I recently attended the Web as Corpus Workshop in Gothenburg, where I had a talk for a paper of mine, Finding viable seed URLs for web corpora: a scouting approach and comparative study of available sources, and another with Felix Bildhauer and Roland Schäfer, Focused Web Corpus Crawling.
The comparison I did started from web crawling experiments I performed at the FU Berlin. The fact is that the conventional tools of the “Web as Corpus” framework rely heavily on URLs obtained from search engines. URLs were easily gathered that way until search engine companies restricted this allowance, meaning that one now has to pay and/or to wait longer to send queries.
I tried to evaluate the leading approach and to find decent subtitutes using social networks as well as the Open Directory Project and Wikipedia. I take four different languages (Dutch, French, Indonesian and Swedish) as examples in order to compare several web spaces with different if not opposed characteristics.
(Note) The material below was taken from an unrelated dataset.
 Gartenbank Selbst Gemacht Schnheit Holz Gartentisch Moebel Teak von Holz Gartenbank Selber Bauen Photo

My results distinguish no clear winner, complementary approaches are called for, and it seems possible to replace or at least to complement the existing BootCaT approach. I think that crawling problems such as link/host diversity have not been well-studied in a corpus linguistics context, and I wish to bring to linguists’ attention that the first step of web corpus construction in itself can change a lot of parameters.
Slide on search engine URLs The slides of my talk can be downloaded here
Additionally, experiments run with Felix Bildhauer and Roland Schäfer at the FU Berlin showed that the crawling seeds I selected tend to perform better than the traditional approach.
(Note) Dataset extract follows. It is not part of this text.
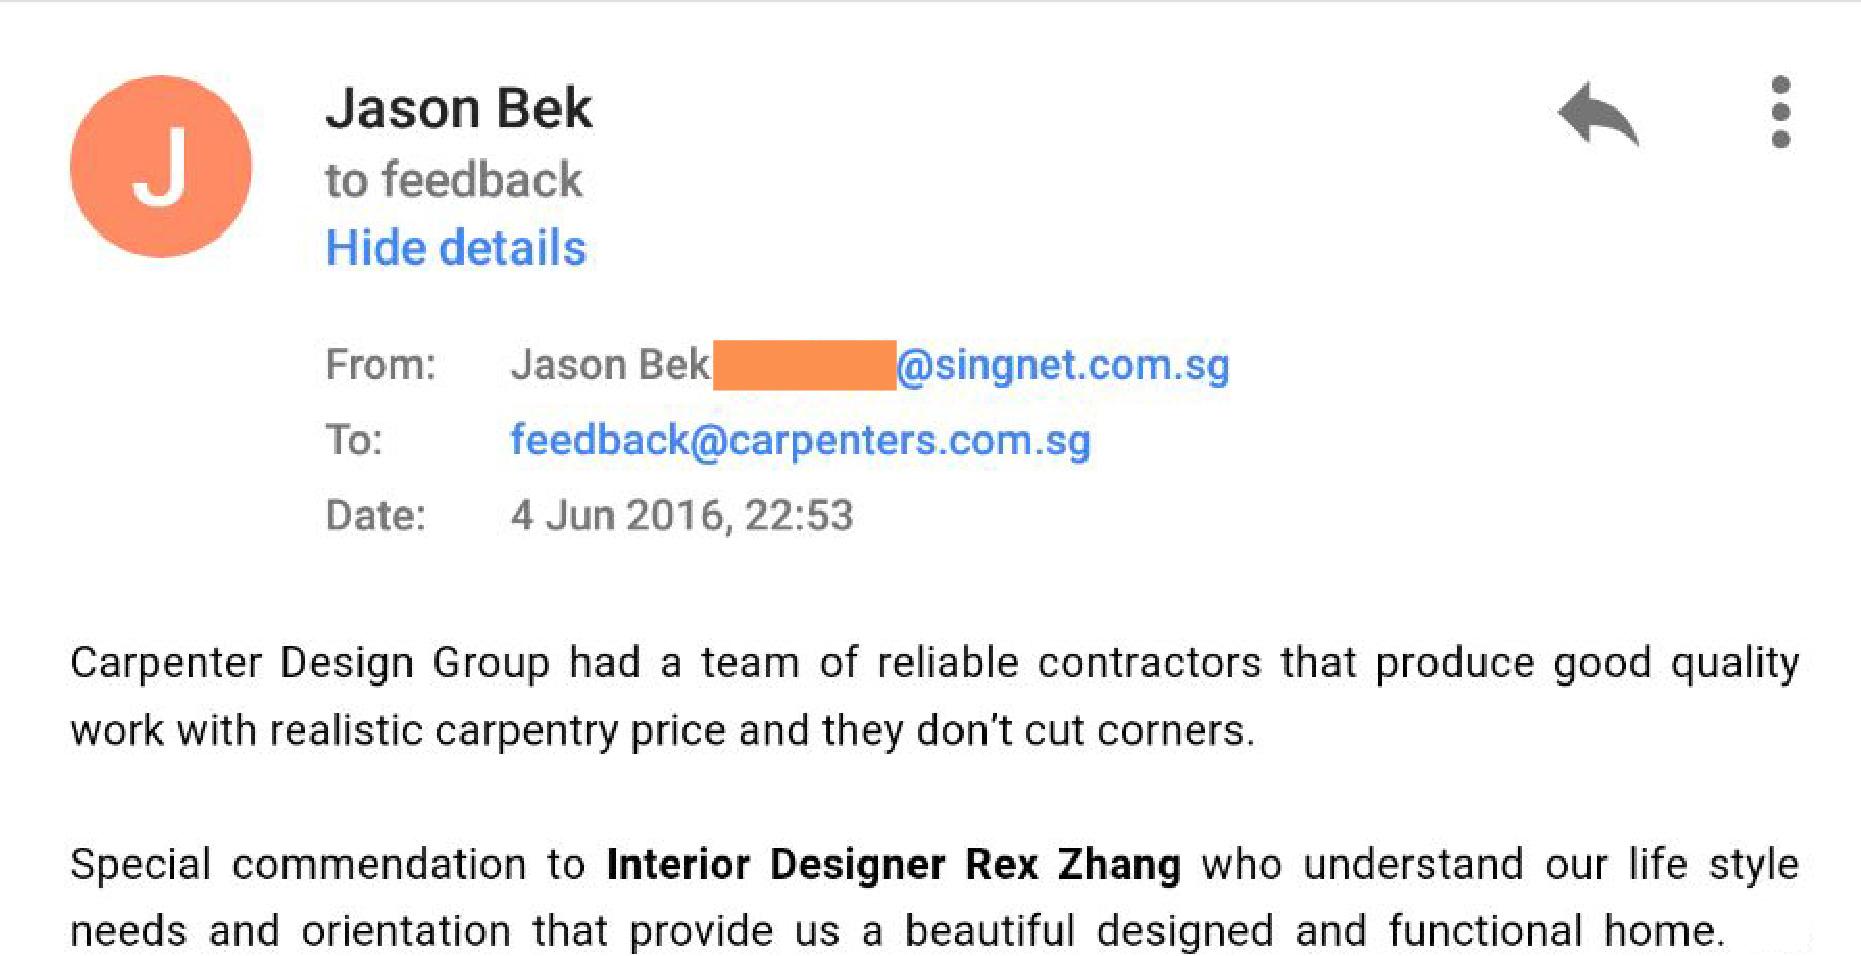 Hdb interior design in singapore 4 room flat at jurong east hwa li - Jason Bek

For more information, the papers are available online:
A. Barbaresi, Finding Viable Seed URLs for Web Corpora: A Scouting Approach and Comparative Study of Available Sources, Proceedings of WaC-9, p. 1-8, 2014.
R. Schäfer, A. Barbaresi, F. Bildhauer, Focused Web Corpus Crawling, Proceedings of WaC-9, p. 9-15, 2014.
The toolchain used to perform these experiments is open-source and is available on GitHub: FLUX: Filtering and Language-identification for URL Crawling Seeds.